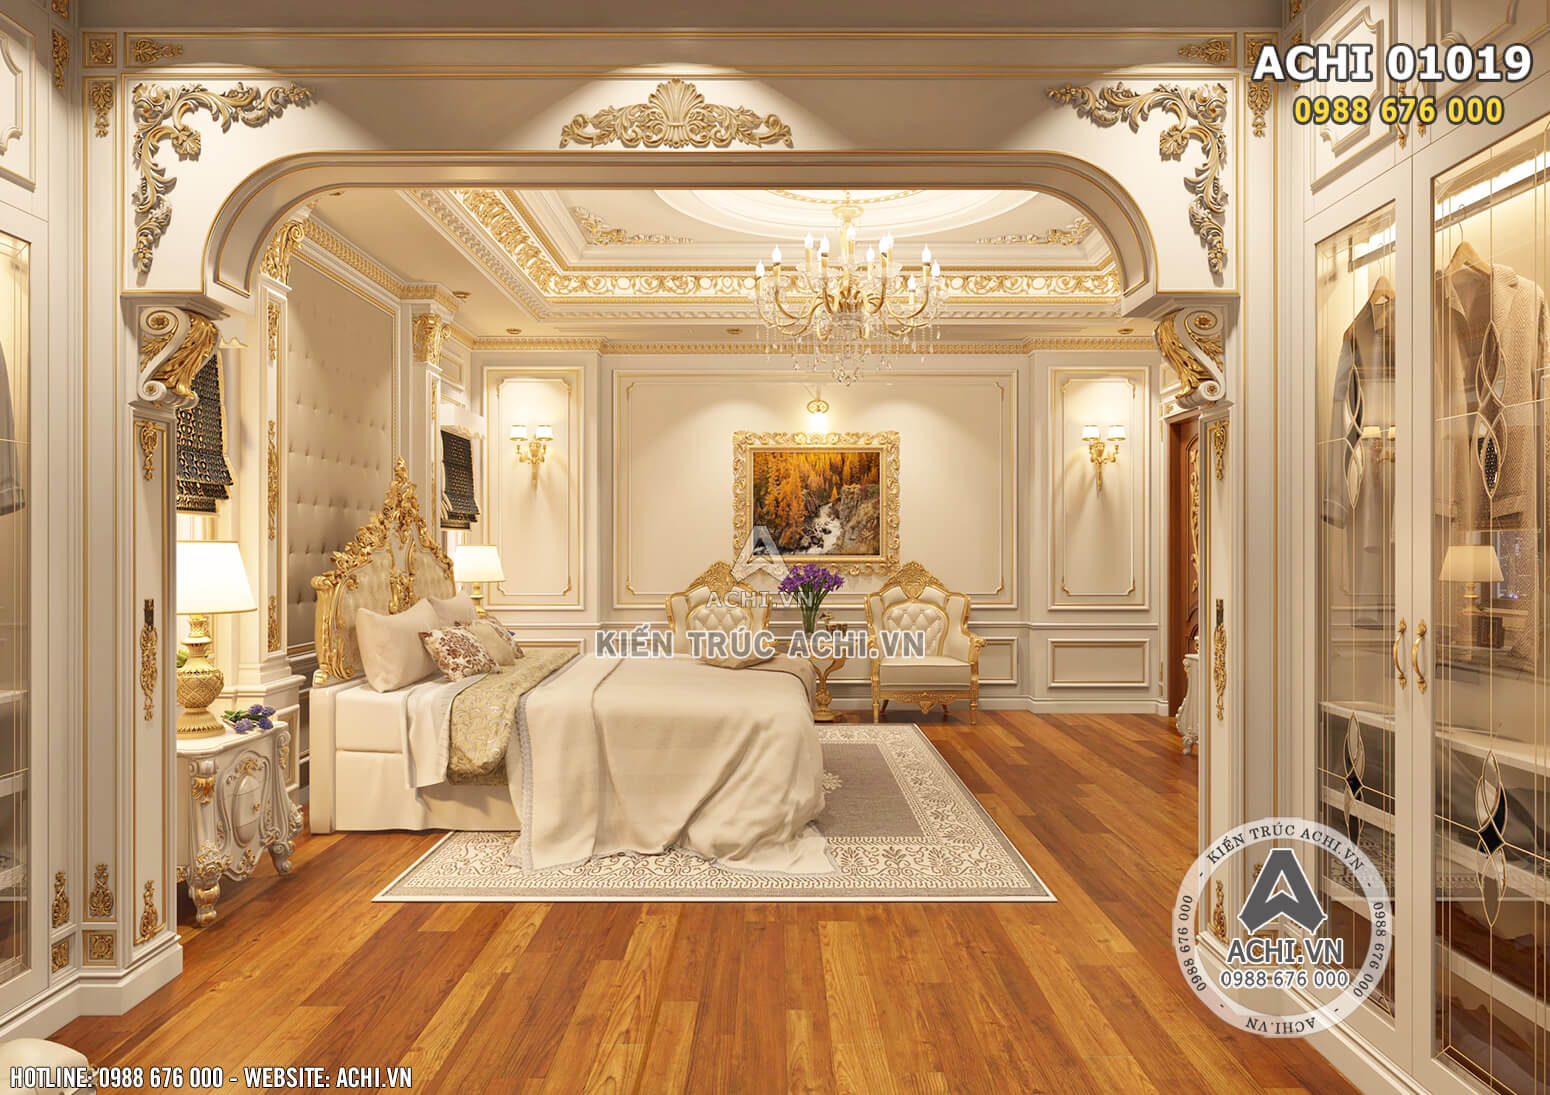 Hình ảnh: Lối kiến trúc tân cổ điển giúp căn phòng trở nên ấn tượng
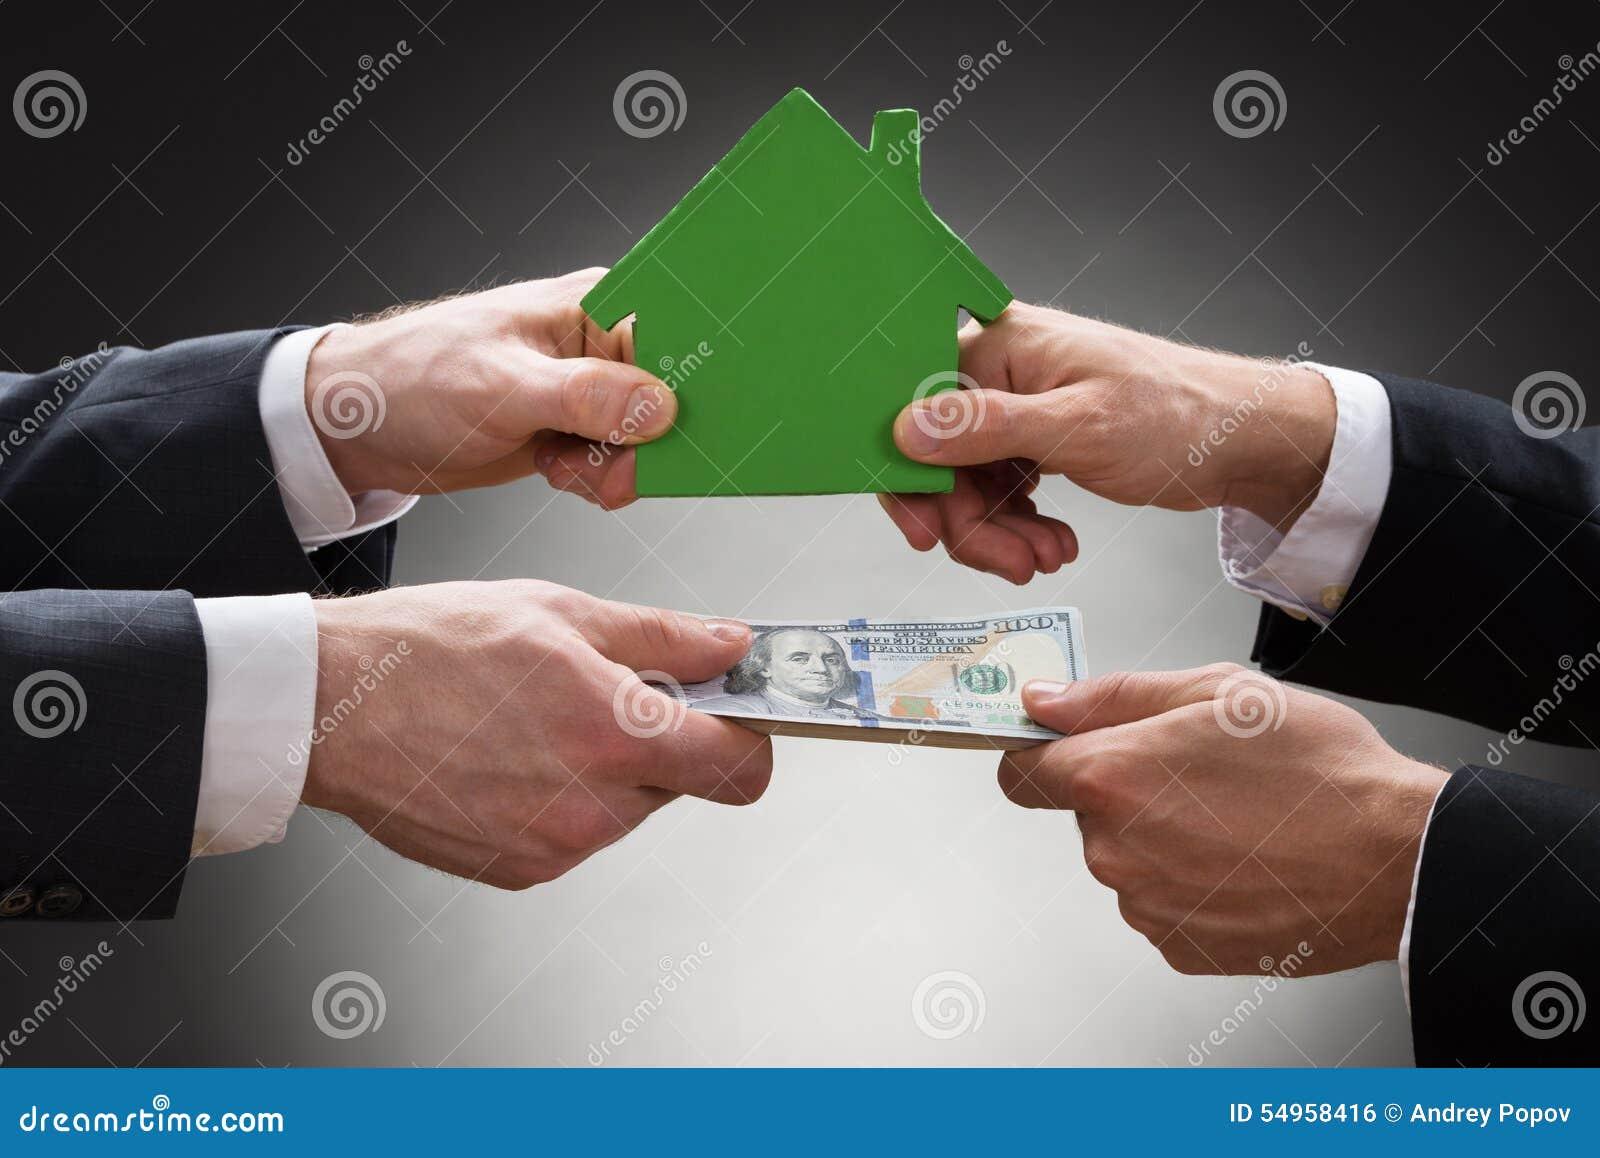 займ под погашение займов
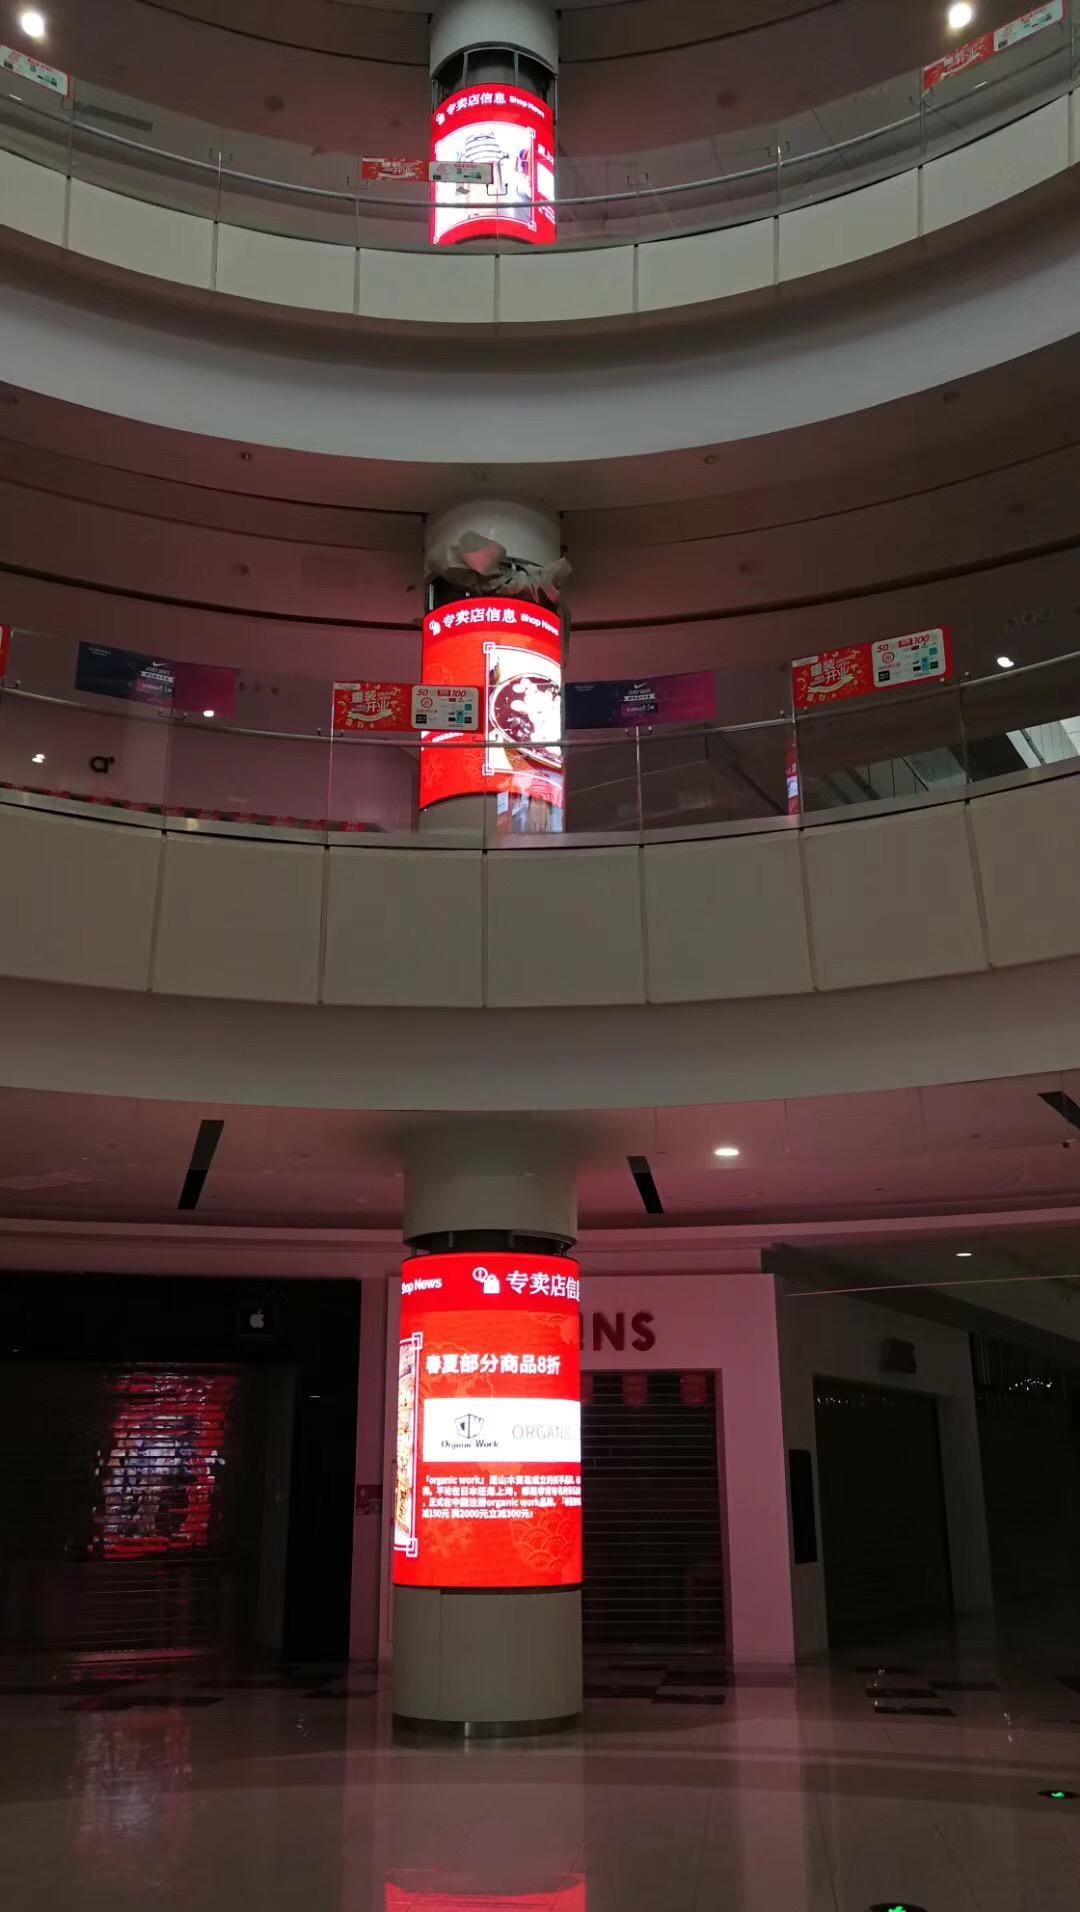 圆柱形LED显示屏案例
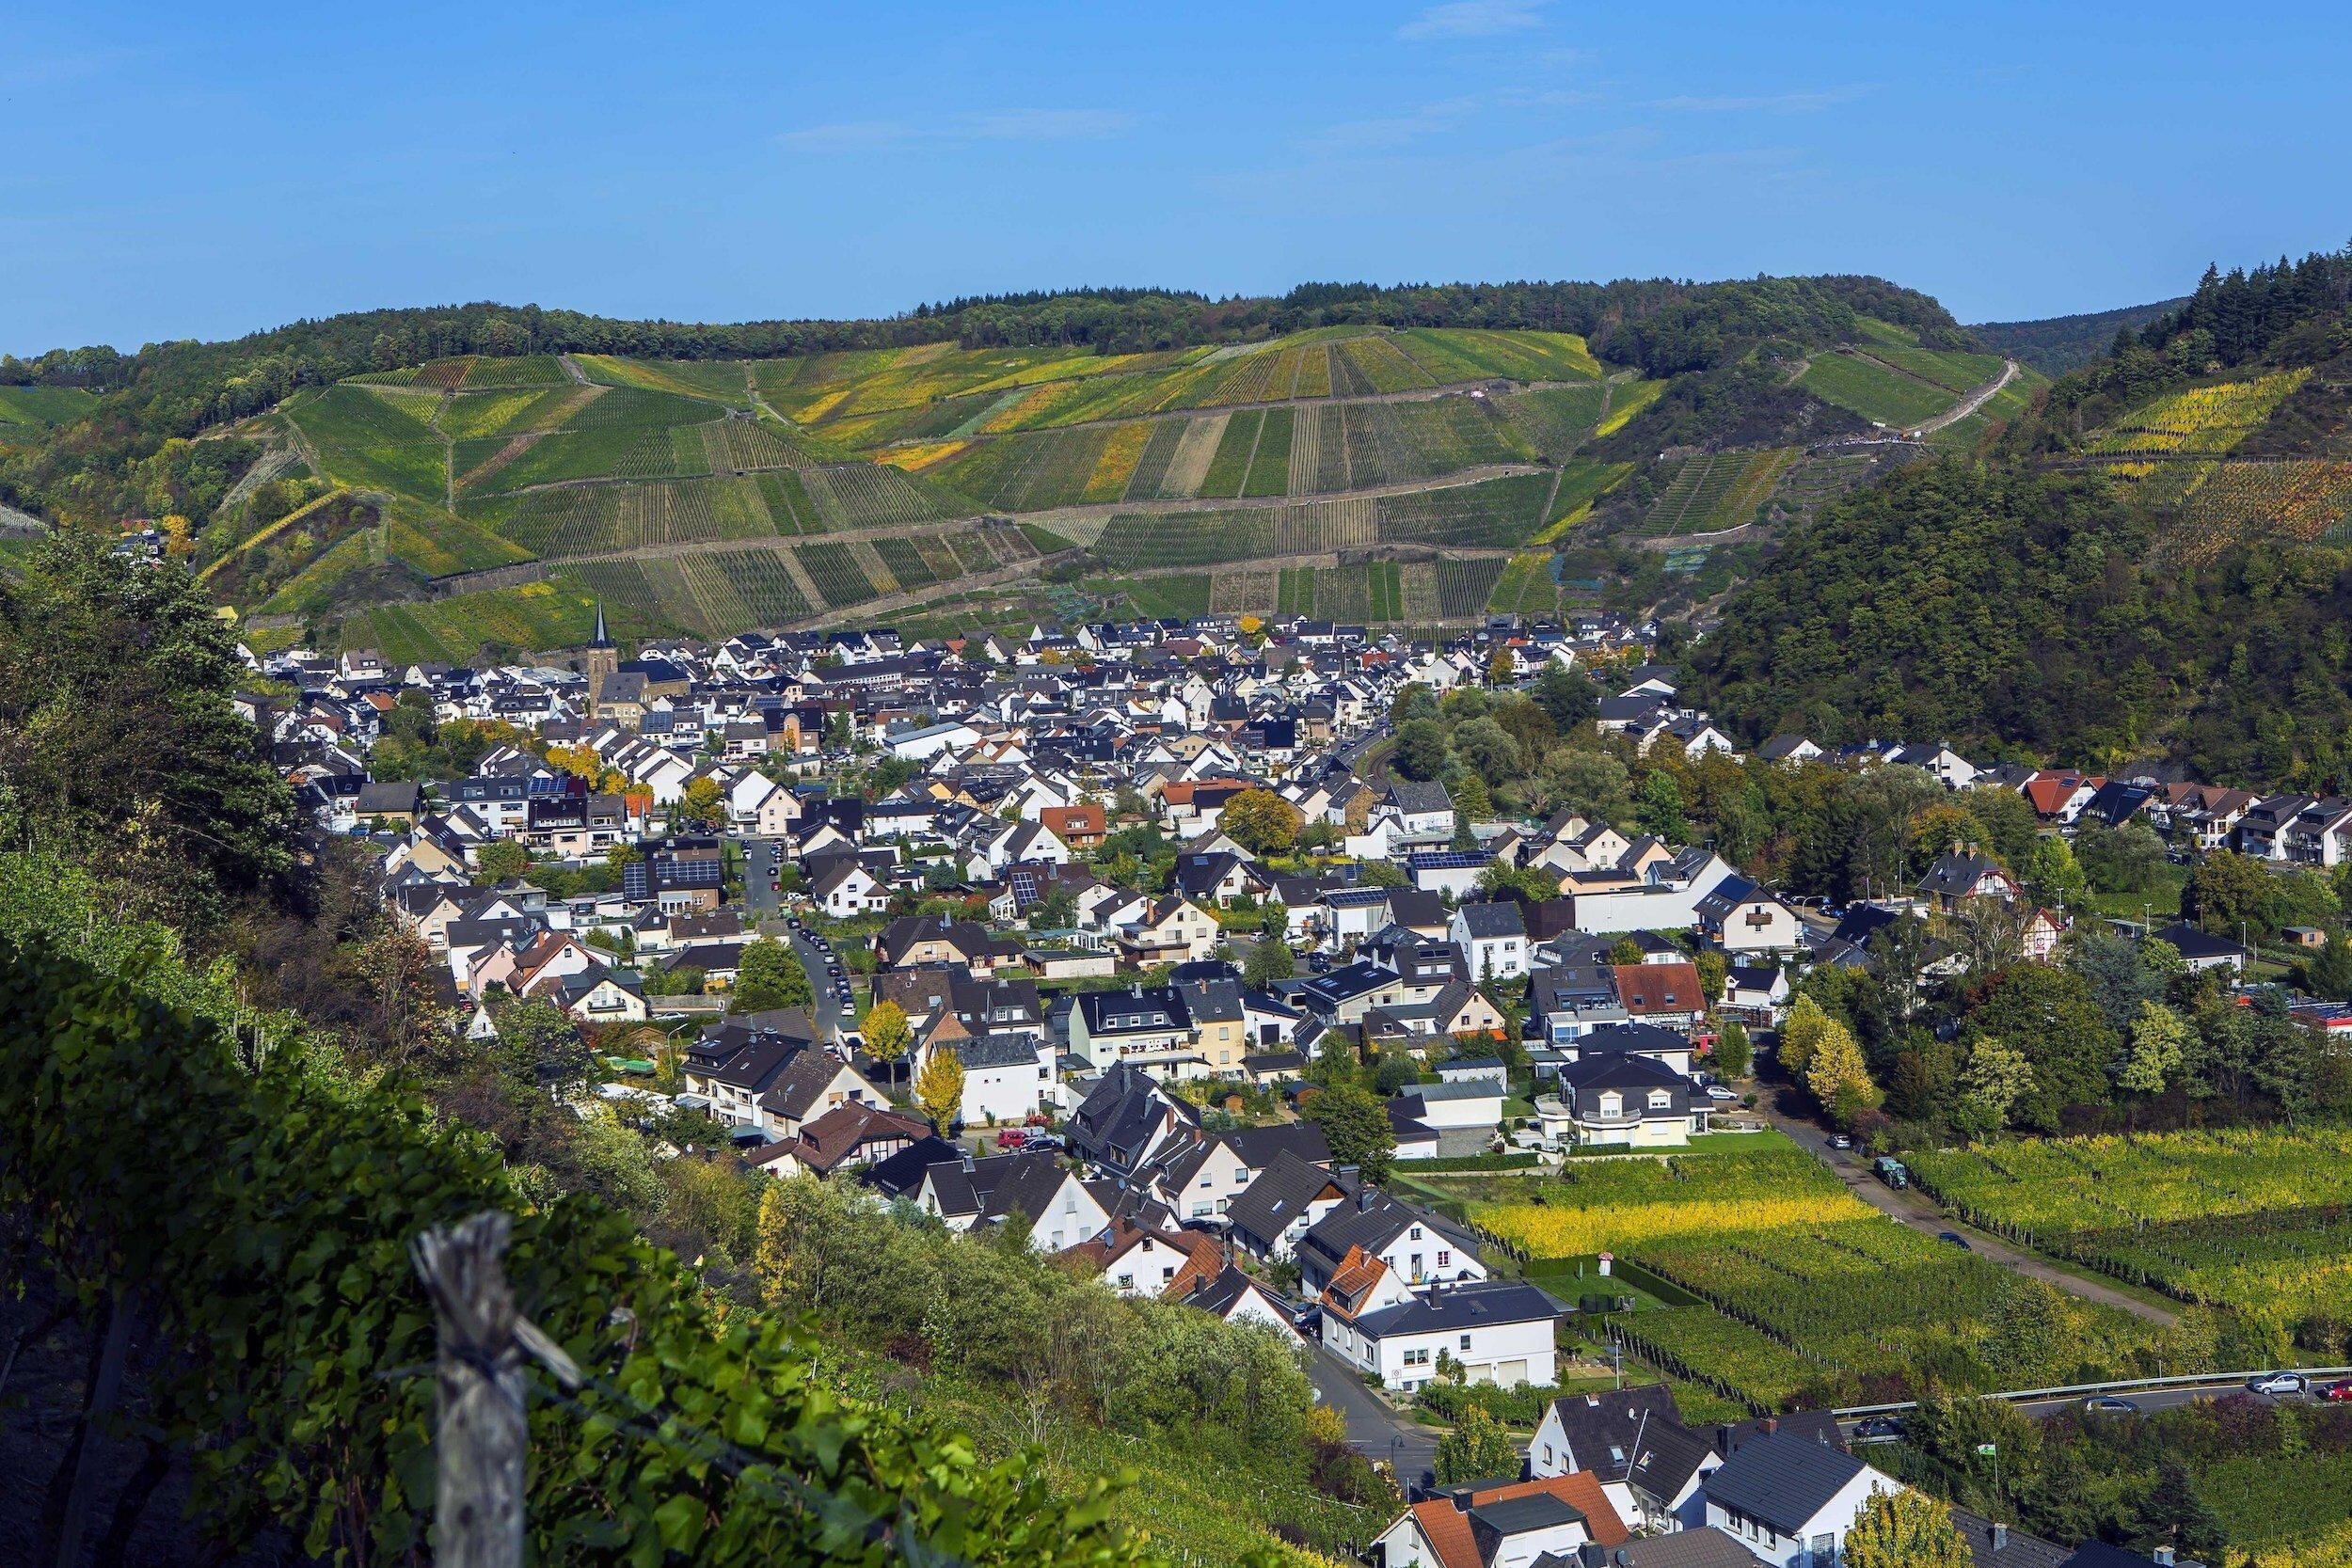 Die Ortschaft liegt dicht gedrängt im engen Tal, umgeben von Weinbergen.
--
* Work instruction *
Whenever a line holds a picture, print that line without the picture. All other data must be output exactly.

* Response to this exercise *
 Hình ảnh: Lối kiến trúc tân cổ điển giúp căn phòng trở nên ấn tượng
 займ под погашение займов
 圆柱形LED显示屏案例
 Die Ortschaft liegt dicht gedrängt im engen Tal, umgeben von Weinbergen.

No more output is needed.